Not to be negative, but what value would Servo exactly bring to users and the web after all the engineering effort? I'm sure it was technically impressive.
Chrome, when it came, was stupidly faster than any other competitor, including Mozilla Firefox.
What would Servo bring to make web a big jump forward for us users, beyond ideology and fun work for its developers? (Ideology doesn't sell software, as opensource efforts have proven repeatedly over last 3 decades).
> but what value would Servo exactly bring to users and the web after all the engineering effort?
Servo was a much more modular effort.
1. we would get a lightweight (modular) electron alternative. This would have helped rust gui ecosystem a lot, just like wgpu helps rust gamedev scene.
2. Probably have more variety in browsers as everyone can now reuse servo components to make their custom version of firefox. Imagine all the linux distros which reuse gnu/linux, but have their own philosophy of package management, updates, mutability etc.. We could have had the same sort of varieties in browsers for different usecases.
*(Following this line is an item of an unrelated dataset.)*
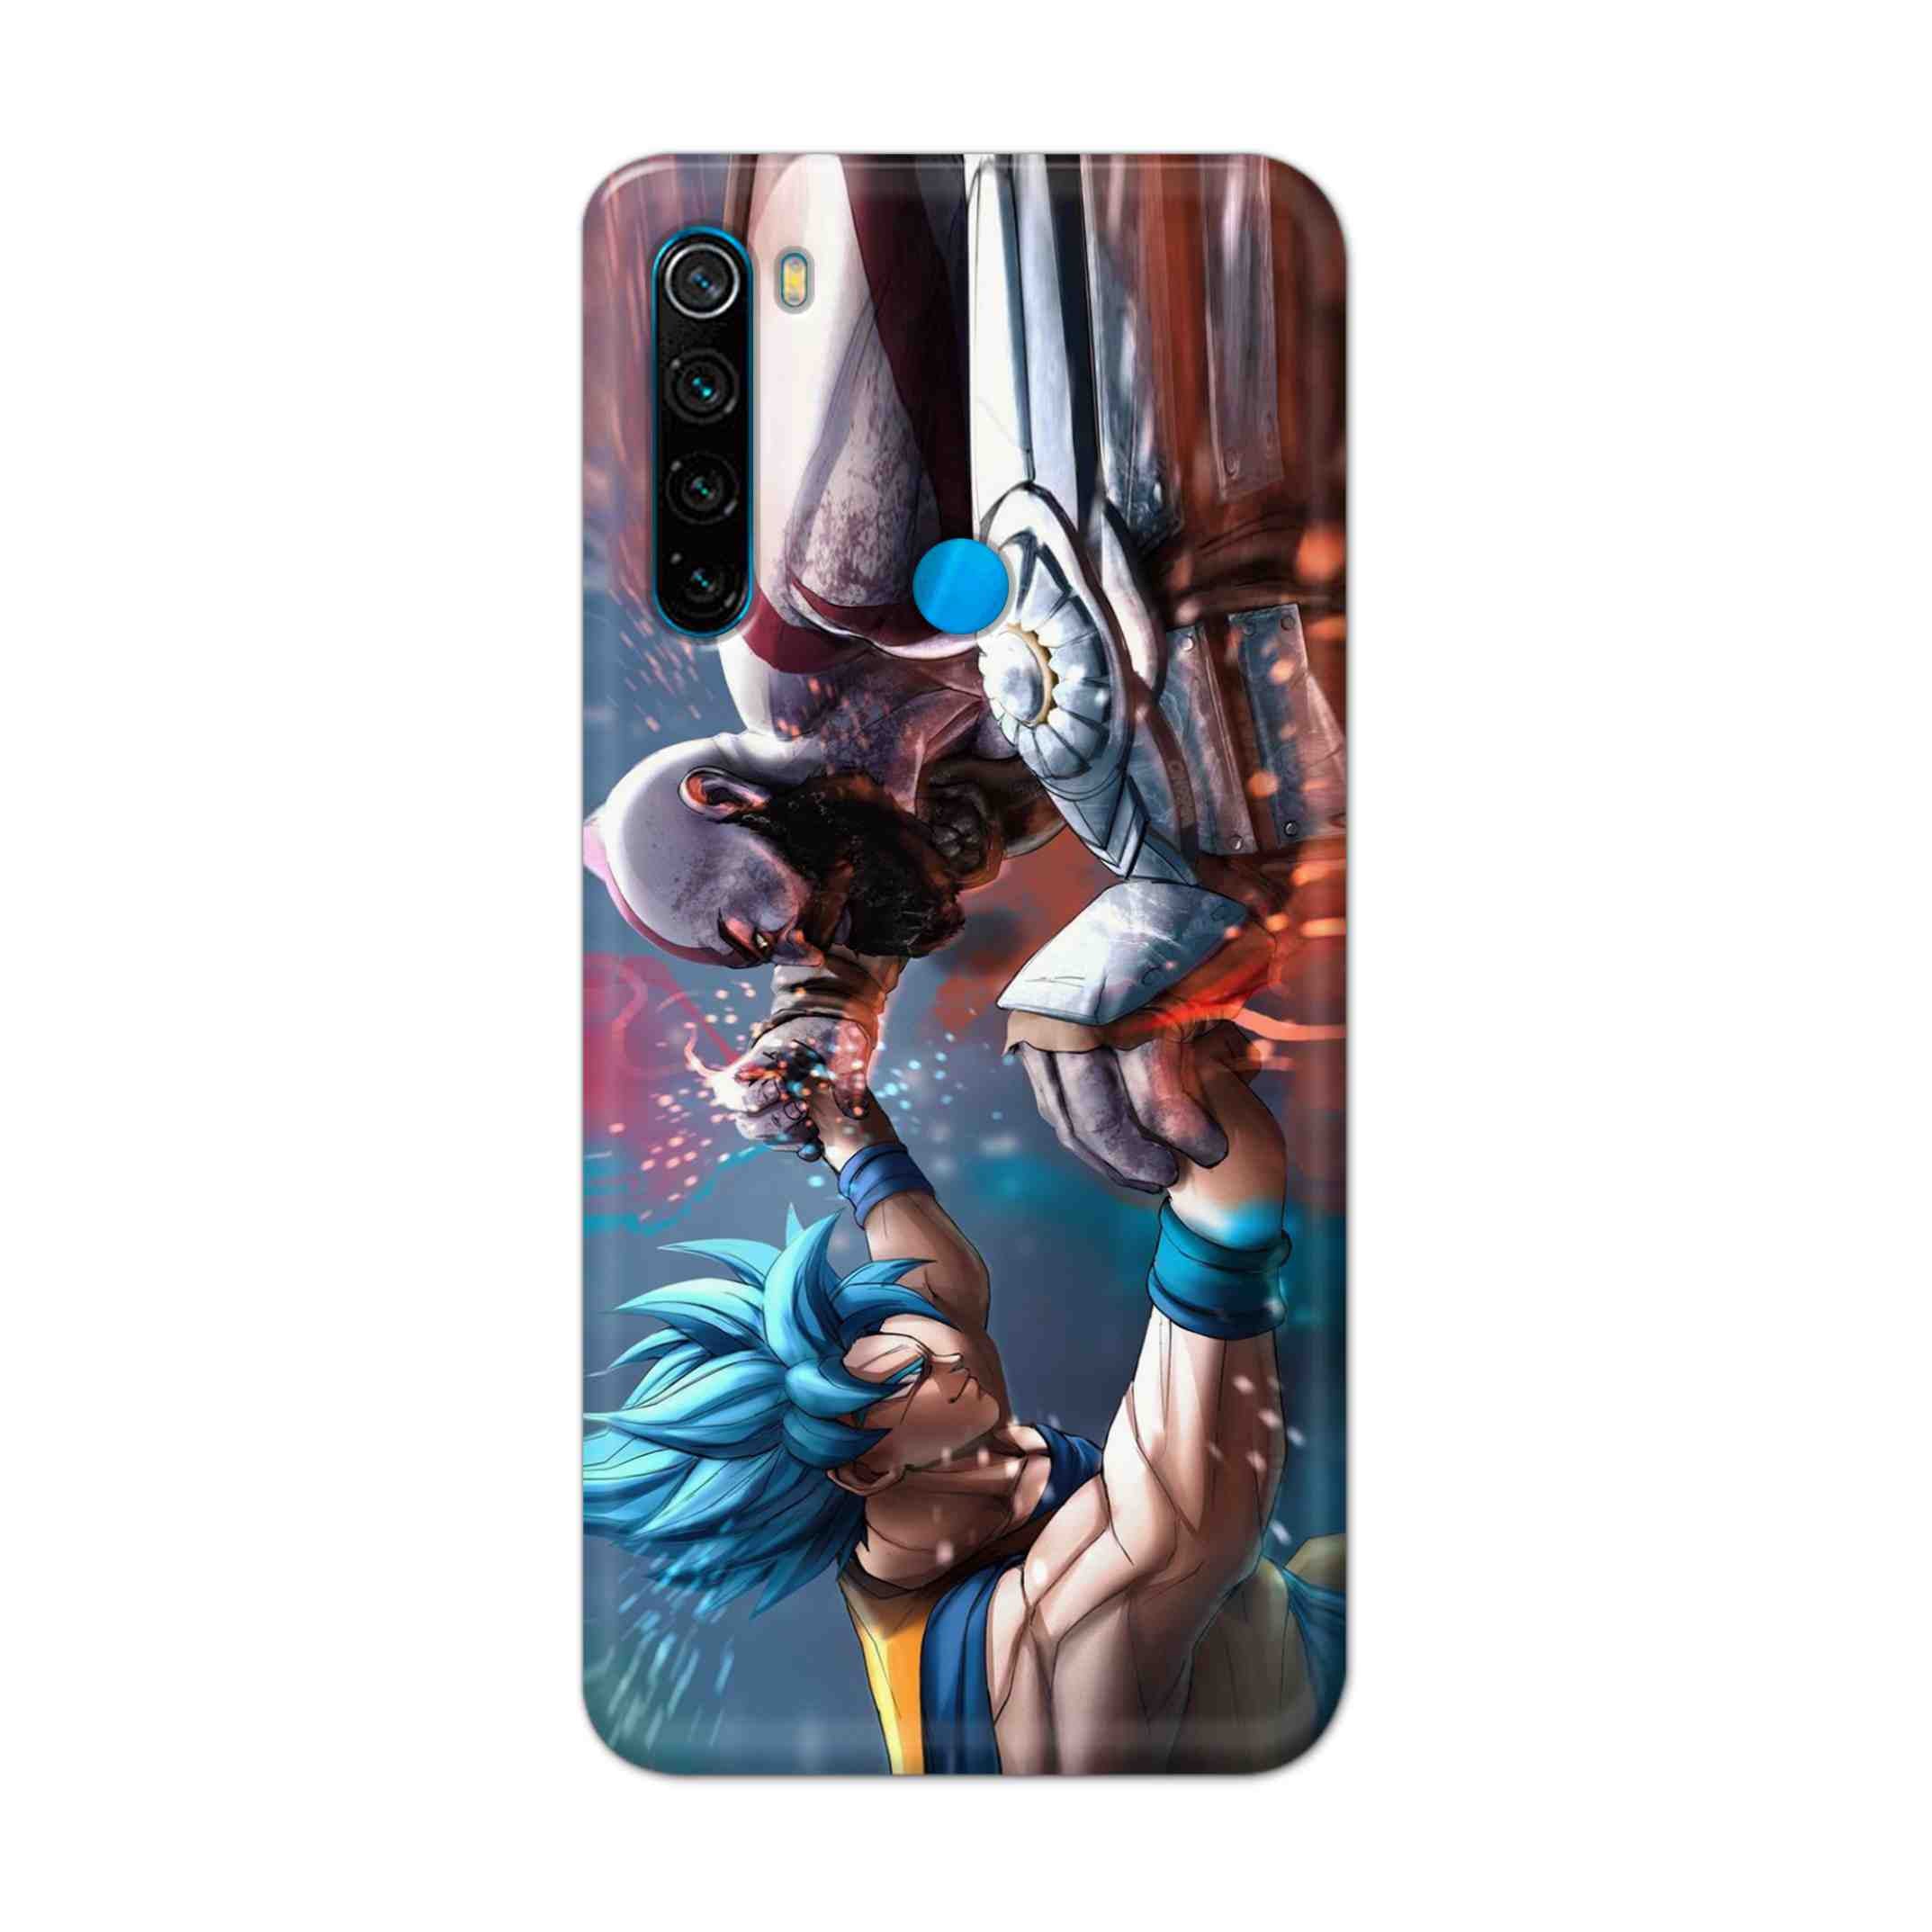 Buy Goku Vs Kratos Hard Back Mobile Phone Case Cover For Xiaomi Redmi Note 8 Online

Same selling points as Chromium originally: faster and safer. The premise of Servo is that it'd make better use of multicore and would be safer because it was written in a memory-safe language. For modern users the big one is probably battery usage, though, which Safari excels at but would be harder for an open source player that has to support every device.
As someone with almost no knowledge of Servo, and personally not having a good opinion of the Mozilla foundation, your comment tells me all I need to know why they stopped support of Servo development.
Only social initiatives get feel good money to waste on nice to haves. This "Servo" thing does not sound like it.
Even granting that some of them come from dependent libraries, if the world's arguably best funded software engineering organization can't keep C++ footguns out of an application that runs untrusted code on the regular ... one may want to have a think about whether C++ is the best tool for that purpose
The point is that all this is not seen as valuable by users and market leaders. You don't gain marketshare in b2c by saying "my gizmo is more memory-safe than other gizmos", you have to show features. Chrome's process-separation was a feature: you could easily dispose of non-responsive pages, which other browsers couldn't do as well. Even then, it wasn't really why Chrome took off - it took off because of deep integration with Google's ecosystem, incessant marketing efforts, and monopolistic behaviour (Google "unwittingly" breaking GMail and other G products on other browsers, on a regular basis).
So what feature would full memory-safety actually enable? I suspect that's the bit that the Servo folks couldn't articulate well enough.
I'm delighted to hear that you (and I) were not personally impacted by those but to say "I didn't get in a crash, who cares about seat belts working" is comically misguided
Also your "for Chrome to autoupdate" perspective makes me wish I could search for every single red Update screenshot I've seen in presentations or Zoom meetings
Some big chunks of servo got moved into firefox, so it wasn't a complete loss. But it would have been better if servo kept going, even if it never became something you would daily drive and instead it just kept generating good ideas to be subsumed into firefox.
Servo is active again thanks to Igalia allocating a handful of full time engineers. They are making good progress especially on layout, so keep an eye on it!
[disclaimer: former Servo team member]
Mozilla had a chance to advance browser tech with Servo and fumbled it.